Amazon EMR
EMR is AWS’s managed Hadoop and Spark platform. You launch a cluster, EMR installs and configures the distributed processing framework (Hadoop, Spark, Hive, Presto, etc.), and you run big data jobs against it. EMR handles provisioning, configuration, and cluster management.
Cluster Architecture
Core Components
EMR Cluster (1 master node + N core/task nodes)
├── Master Node: YARN ResourceManager, HDFS NameNode, Spark Driver
├── Core Nodes: HDFS DataNode + YARN NodeManager (data storage + compute)
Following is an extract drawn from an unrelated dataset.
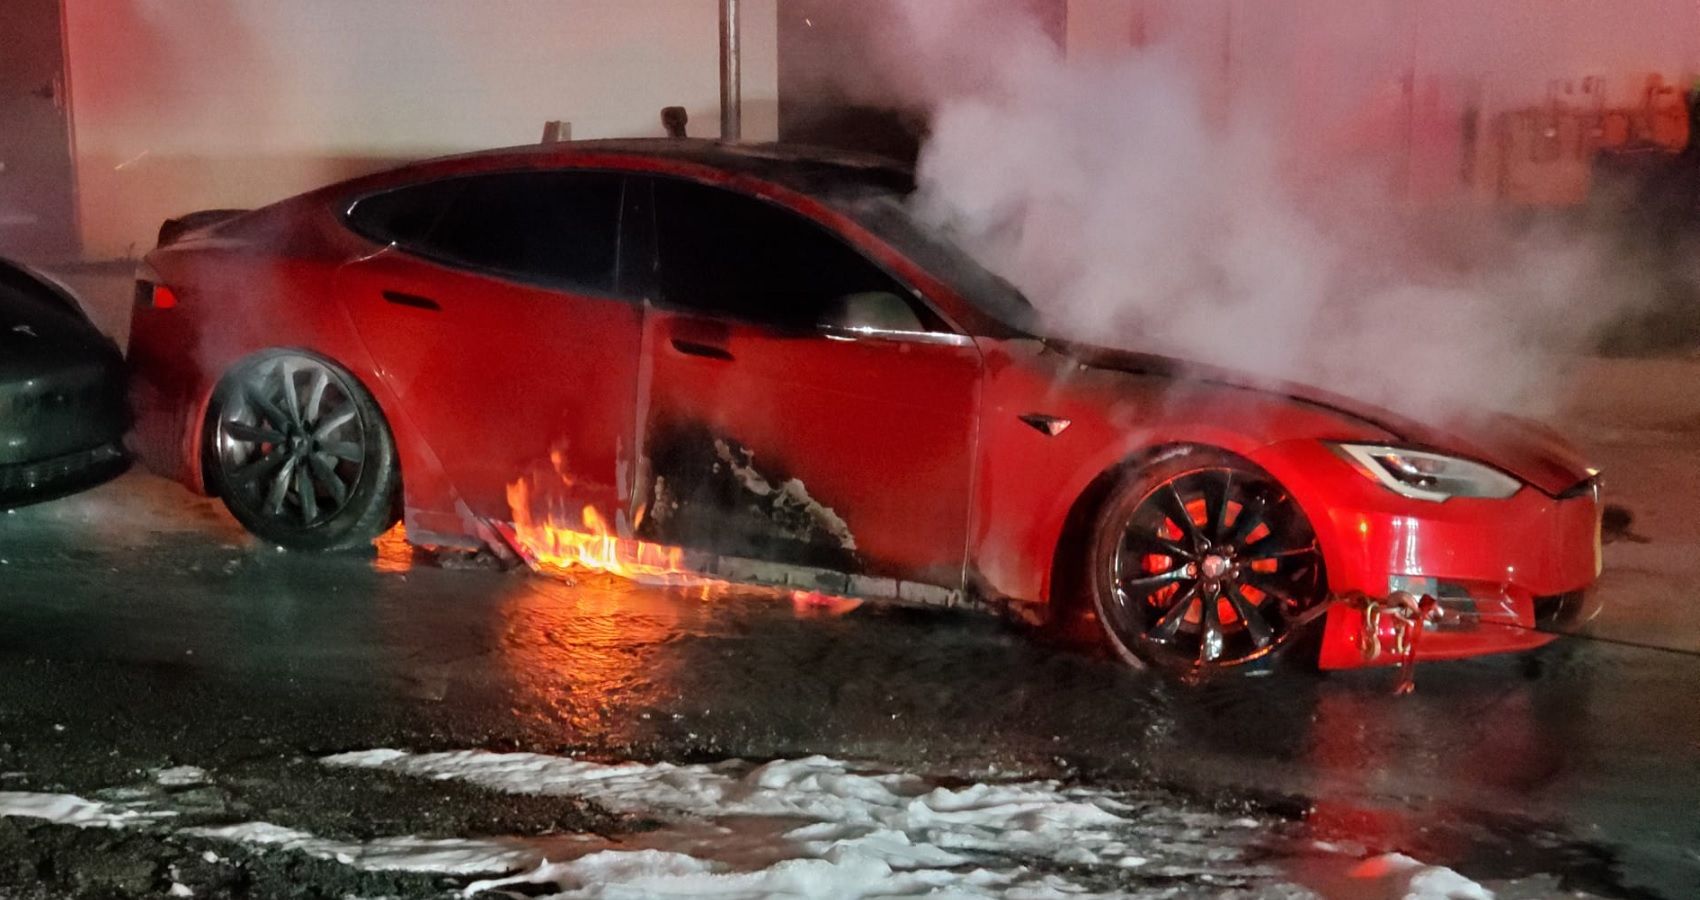 The Truth About Electric Cars Being More Prone To Catching On Fire
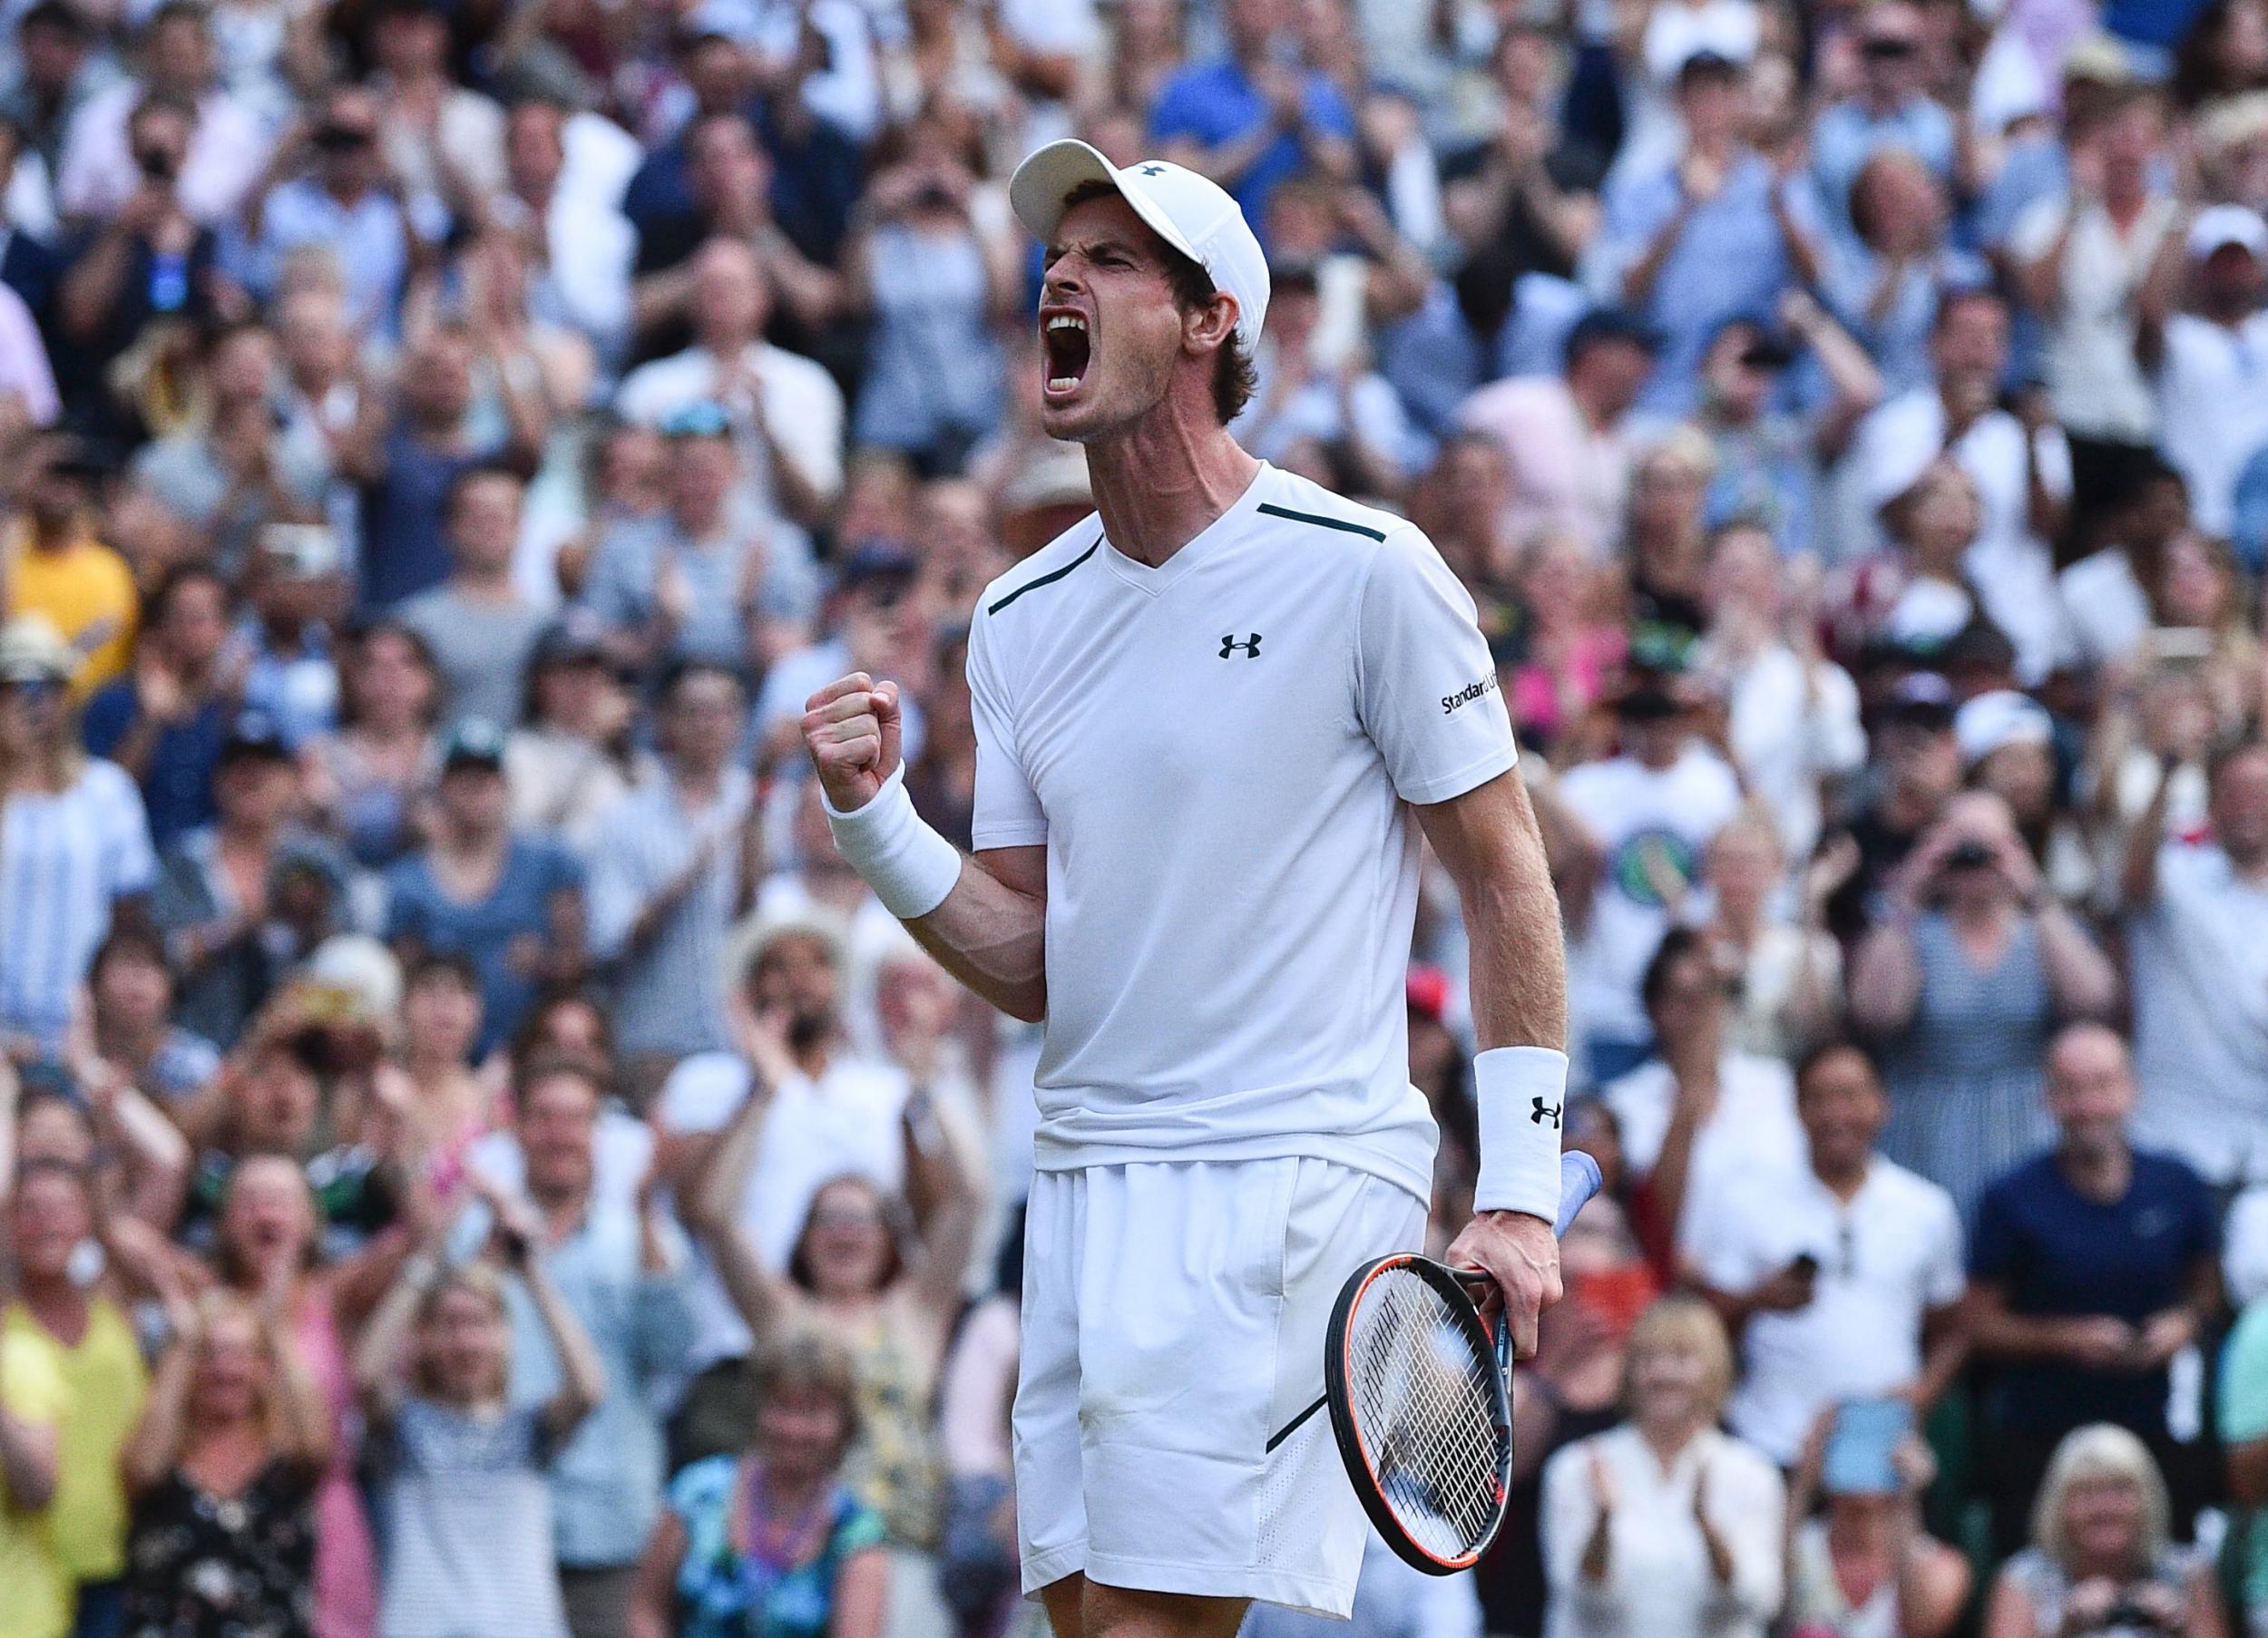 Murray's route to the final has cleared after Nadal's shock exit

└── Task Nodes: YARN NodeManager only (compute only, no HDFS storage)
Instance types:
- Master node: Coordinates cluster operations. Typically m5.xlarge or larger depending on workload.
- Core nodes: Store data in HDFS and run YARN containers. These are the primary compute workhorses.
- Task nodes: Pure compute, no HDFS. Added for burst capacity during job runs, removed after completion.
Instance Fleets vs Instance Groups
Instance Groups (older): All nodes in a group are the same instance type. You manually set the count.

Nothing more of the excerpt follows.